# Posting reviews of classic D&D adventure modules



## Bullgrit (Jul 23, 2007)

Deuce Traveler posted an idea that I had also been considering: writing up reviews of classic (OOP) D&D books. Can or should these reviews be done in the General forum or in the official reviews section? If in the General forum, it could be something like the old "your experiences" threads that Quasqueton started over the past few years.

Bullgrit

Total Bullgrit


----------



## Morrus (Jul 23, 2007)

I think the reviews section is completely appropriate - I can imagine peple seeing them on eBay and elsewhere and checking for reviews before buying.  Plus a lot of them are available in PDF form.


----------



## Bullgrit (Jul 23, 2007)

Then the books need to be added to the review database, yes?

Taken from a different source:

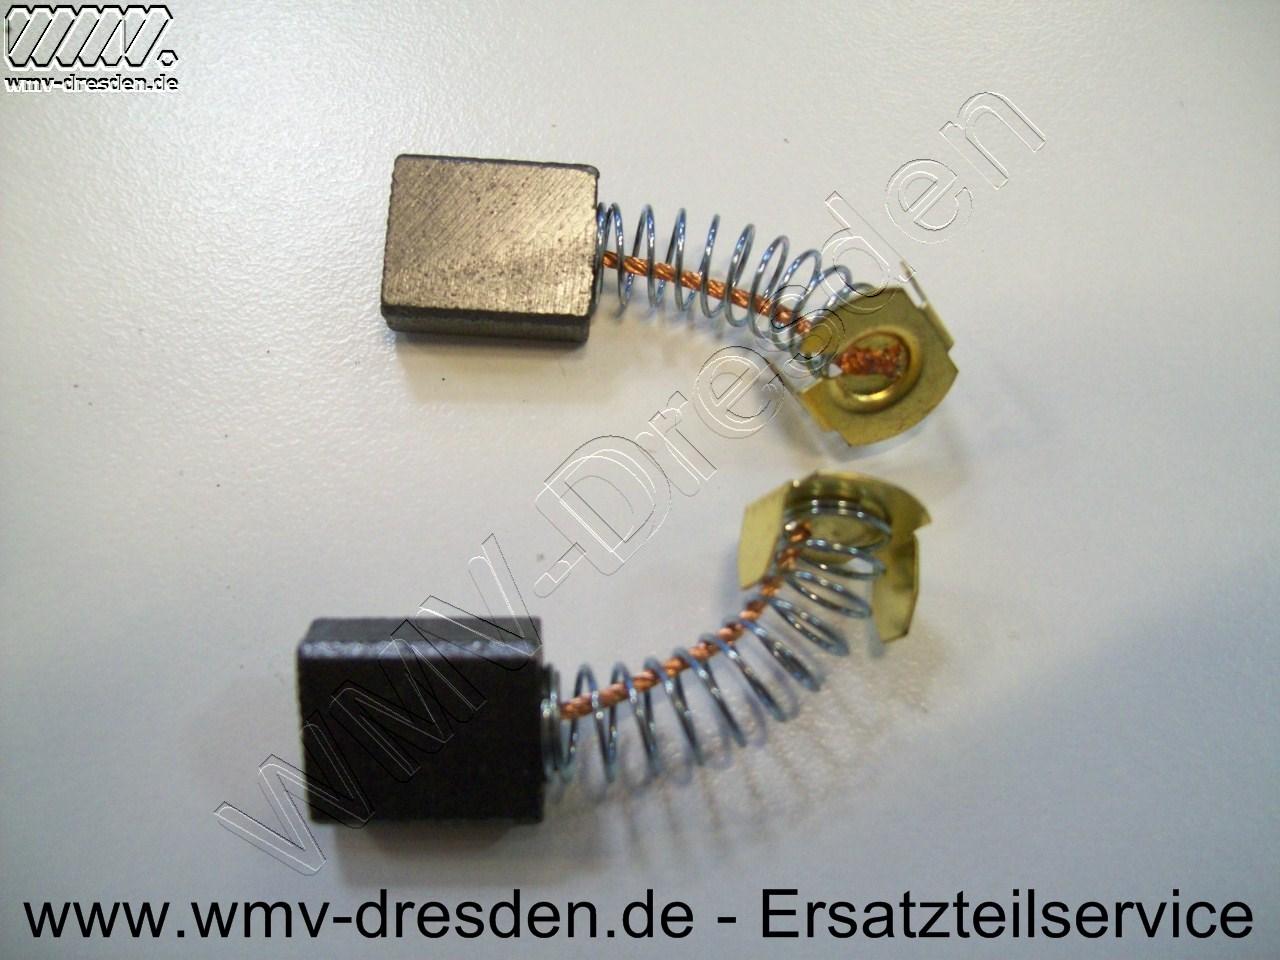 Kohlebürstenpaar für TRZS 1600, 1800, 1800 L - Artikel nicht mehr lieferbar - kein Alternativartikel bekannt.

For instance, I've got a review of _In Search of the Unknown_ ready to post, but it's not listed in the reviews section.

Bullgrit

Total Bullgrit


----------



## Crothian (Jul 23, 2007)

It's added!!


----------



## Bullgrit (Jul 30, 2007)

I have a review to post for _The Village of Hommlet_.

Thanks.

Bullgrit

Total Bullgrit


----------



## Bullgrit (Jul 30, 2007)

I also have a review to post for _The Keep on the Borderlands_.

Thanks.

Bullgrit

Total Bullgrit


----------



## Crothian (Jul 30, 2007)

Got both of them added for you


----------



## Bullgrit (Jul 30, 2007)

Thanks. I just submitted them.

How long between my submitting them and them being viewable by others?

Bullgrit

Total Bullgrit


----------



## Crothian (Jul 30, 2007)

After a review is submitted on of the Review staff has to read it just to make sure it is a review and then we approve it.  It can happen in a few minutes to a day or so depending on how busy we are with our lives.  But I'll read through them and they should be seen by all soon.


----------



## Bullgrit (Jul 30, 2007)

OK, thanks. I didn't mean to rush anyone. I just didn't know how it worked -- if it was automated or manual.

Bullgrit

Total Bullgrit


----------



## Crothian (Jul 30, 2007)

No problem, it's manual.


----------



## Bullgrit (Aug 2, 2007)

Review of U1 - The Sinister Secret of Saltmarsh is ready for posting, please.

Bullgrit

Total Bullgrit


----------



## Bullgrit (Aug 7, 2007)

I need _Sinister Secret of Saltmarsh_ added to the product database so I can post my review of it, please.

Bullgrit

Total Bullgrit


----------



## Crothian (Aug 7, 2007)

I got it added for you.


----------